How to remove duplicate alphabets from two strings in java without any builtin functions?

Question

Here I have two strings. From that, how can I remove common alphabets/characters and store in result(third) String?

<%
    String[] firstString = {"google out"};
    String[] secondString = {"stack overflow"};
    String[] result={""};
        for (int i = 0,k=0; i < firstString.length; i++,k++) {
            for (int j = 0; j < secondString.length; j++) {
                if (firstString[i].equalsIgnoreCase(secondString[j])) {
            } else {
                result[k]=result[j]+firstString[i];
                out.println(result[k]);
            }
        }
    }
%>

expected result is:
g l e o u t s c k v f w

Answer 1

public class RoughWork2 {

    // function to remove duplicates first
    public static String removeDuplicate(String val) {

        char[] chars = val.toCharArray();
        Set<Character> charSet = new LinkedHashSet<Character>();
        for (char c : chars) {
            charSet.add(c);
        }

        StringBuilder sb = new StringBuilder();
        for (Character character : charSet) {
            sb.append(character);
        }
        return sb.toString();
    }

    public boolean sort(String a, String b) {

        String arg1 = removeDuplicate(a);
        String arg2 = removeDuplicate(b);
        if (arg1.length() != arg2.length()) {
            System.out.print("two strings count are not equal");

            return false;
        } else {
            for (int x = 0; x < arg1.length(); x++) {
                int c = (int) arg1.charAt(x);
                for (int y = 0; y < arg2.length(); y++) {
                    int d = (int) arg2.charAt(y);
                    if (c == d) {

                        System.out.print(Character.toChars(c));
                    } else {
                        System.out.print("*");
                    }
                }
                System.out.println();
            }
            return true;
        }

    }

    public static void main(String[] args) {

        RoughWork2 rw = new RoughWork2();

        rw.sort("hello", "hallo");

    }
}

Answer 2

Here is one approach,

// Write a static helper method.
public static boolean contains(char[] in, int index, char t) {
    for (int i = 0; i < index; i++) {
        if (in[i] == t) return true;
    }
    return false;
}

public static void main(String[] args) {
    String firstString = "google out"; // String(s) not String arrays
    String secondString = "stack overflow";
    // output cannot be larger then the sum of the inputs.
    char[] out = new char[firstString.length() + secondString.length()];
    int index = 0;
    // Add all unique chars from firstString
    for (char c : firstString.toCharArray()) {
        if (! contains(out, index, c)) {
            out[index++] = c;
        }
    }
    // Add all unique chars from secondString
    for (char c : secondString.toCharArray()) {
        if (! contains(out, index, c)) {
            out[index++] = c;
        }
    }
    // Create a correctly sized output array.
    char[] s = new char[index];
    for (int i = 0; i < index; i++) {
        s[i] = out[i];
    }
    // Just print it.
    System.out.println(Arrays.toString(s));
}

Output is

[g, o, l, e,  , u, t, s, a, c, k, v, r, f, w]

Edit

If your expected output is incorrect, and you actually want the characters that appear in both Strings.

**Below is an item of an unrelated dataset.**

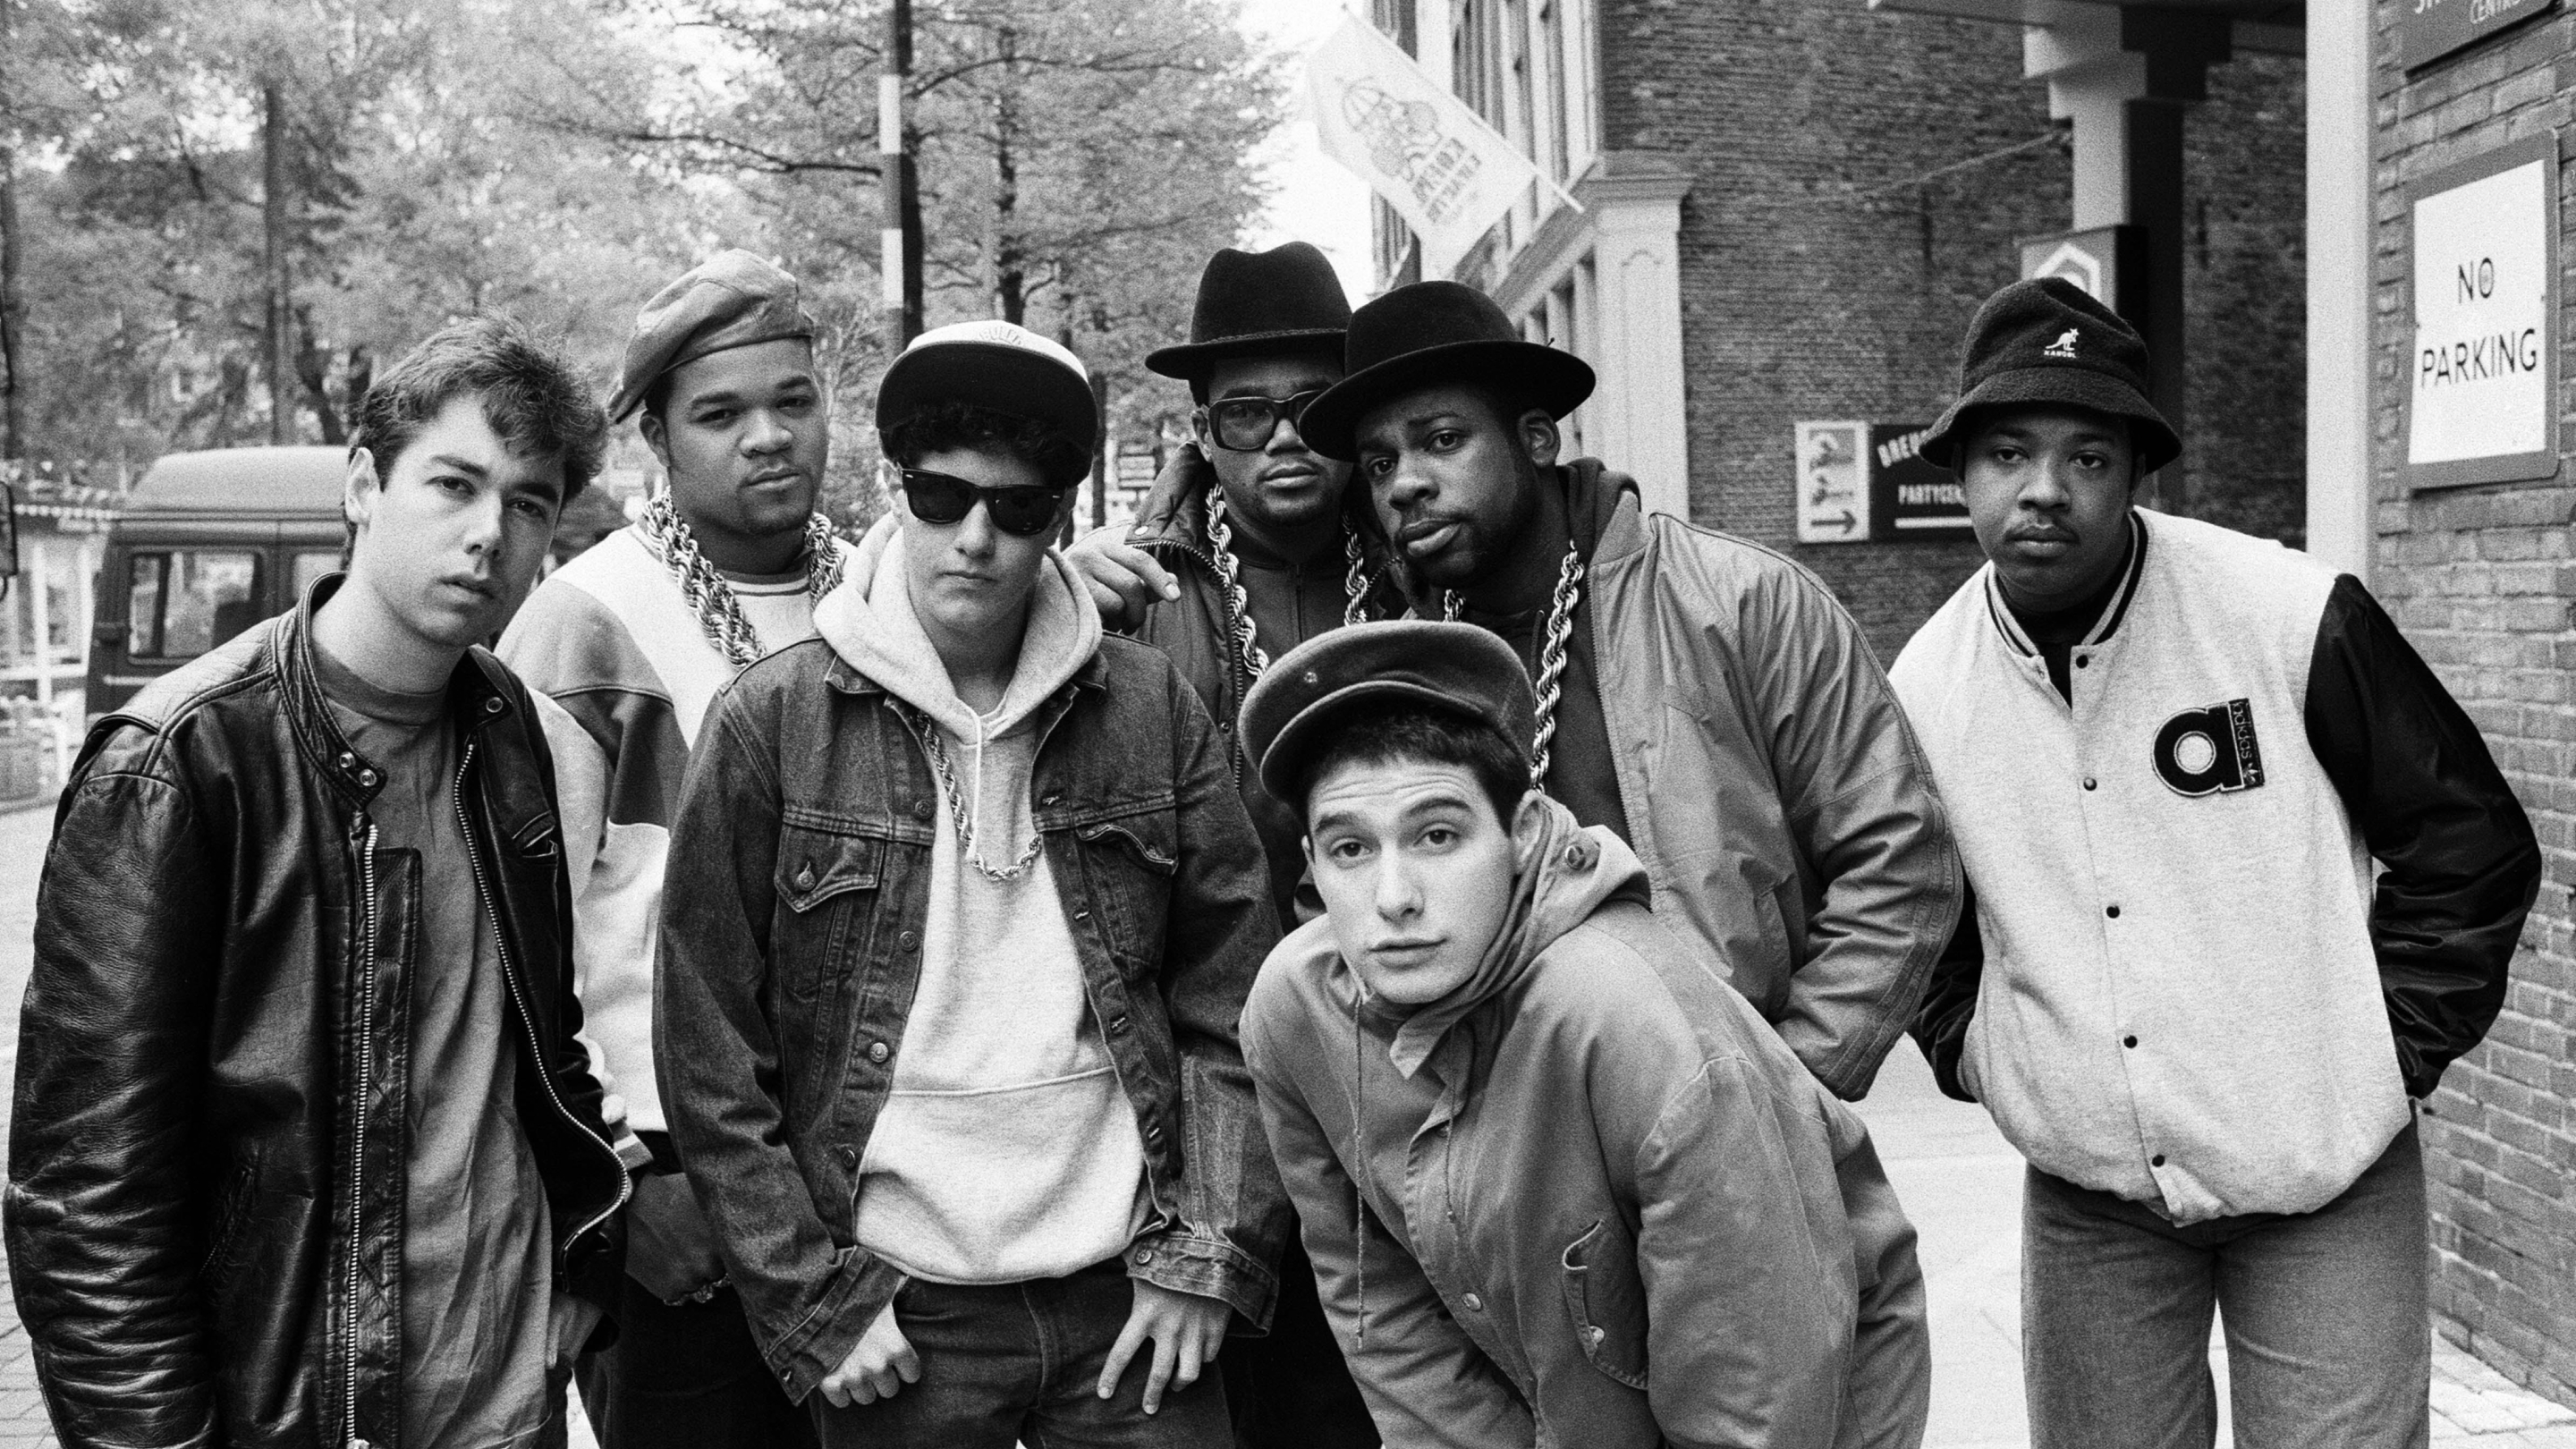 Run DMC and the Beastie Boys grouped together

public static void main(String[] args) {
    String firstString = "google out";
    String secondString = "stack overflow";
    char[] out = new char[firstString.length() + secondString.length()];
    int index = 0;
    for (char c : firstString.toCharArray()) {
        if (contains(secondString.toCharArray(), secondString.length(), c)) {
            out[index++] = c;
        }
    }
    char[] s = new char[index];
    for (int i = 0; i < index; i++) {
        s[i] = out[i];
    }
    System.out.println(Arrays.toString(s));
}

Which outputs

[o, o, l, e,  , o, t]

Edit 2

If you actually wanted the opposite of that, change the call to contains and add a second loop (for the inverse relationship) -

    for (char c : firstString.toCharArray()) {
        if (! contains(secondString.toCharArray(), secondString.length(), c)) {
            out[index++] = c;
        }
    }
    for (char c : secondString.toCharArray()) {
        if (! contains(firstString.toCharArray(), firstString.length(), c)) {
            out[index++] = c;
        }
    }

Which will then output

[g, g, u, s, a, c, k, v, r, f, w]

Answer 3

Here is an other method:

private String getUnicChars(String first, String second) {
            String result = "";
            for (int i = 0; i < first.length(); i++) {
                if (!second.contains(String.valueOf(first.charAt(i)))) {
                    result = result + first.charAt(i);
                }
            }

            return result;
        }


  public String yourMethod(String firstString, String secondString) {            
        return getUnicChars(firstString, secondString) + getUnicChars(secondString, firstString);
  }

Then you call yourMethod("google out", "stack overflow");.

[Actualisation] I assume that you just ask to check redondant char between the two strings but not inside one String. In my solution, the 'g' char will be given twice.[/actualisation]

Answer 4

The fastest way to get unique letters can be:

String firstString = "google out";
String secondString = "stack overflow";

Set<String> output = new HashSet<String>();
Collections.addAll(output, (firstString + secondString).split(""));

Output (contains sorted letters with one whitespace in the beginning because it's also unique character):

[ , a, c, e, f, g, k, l, o, r, s, t, u, v, w]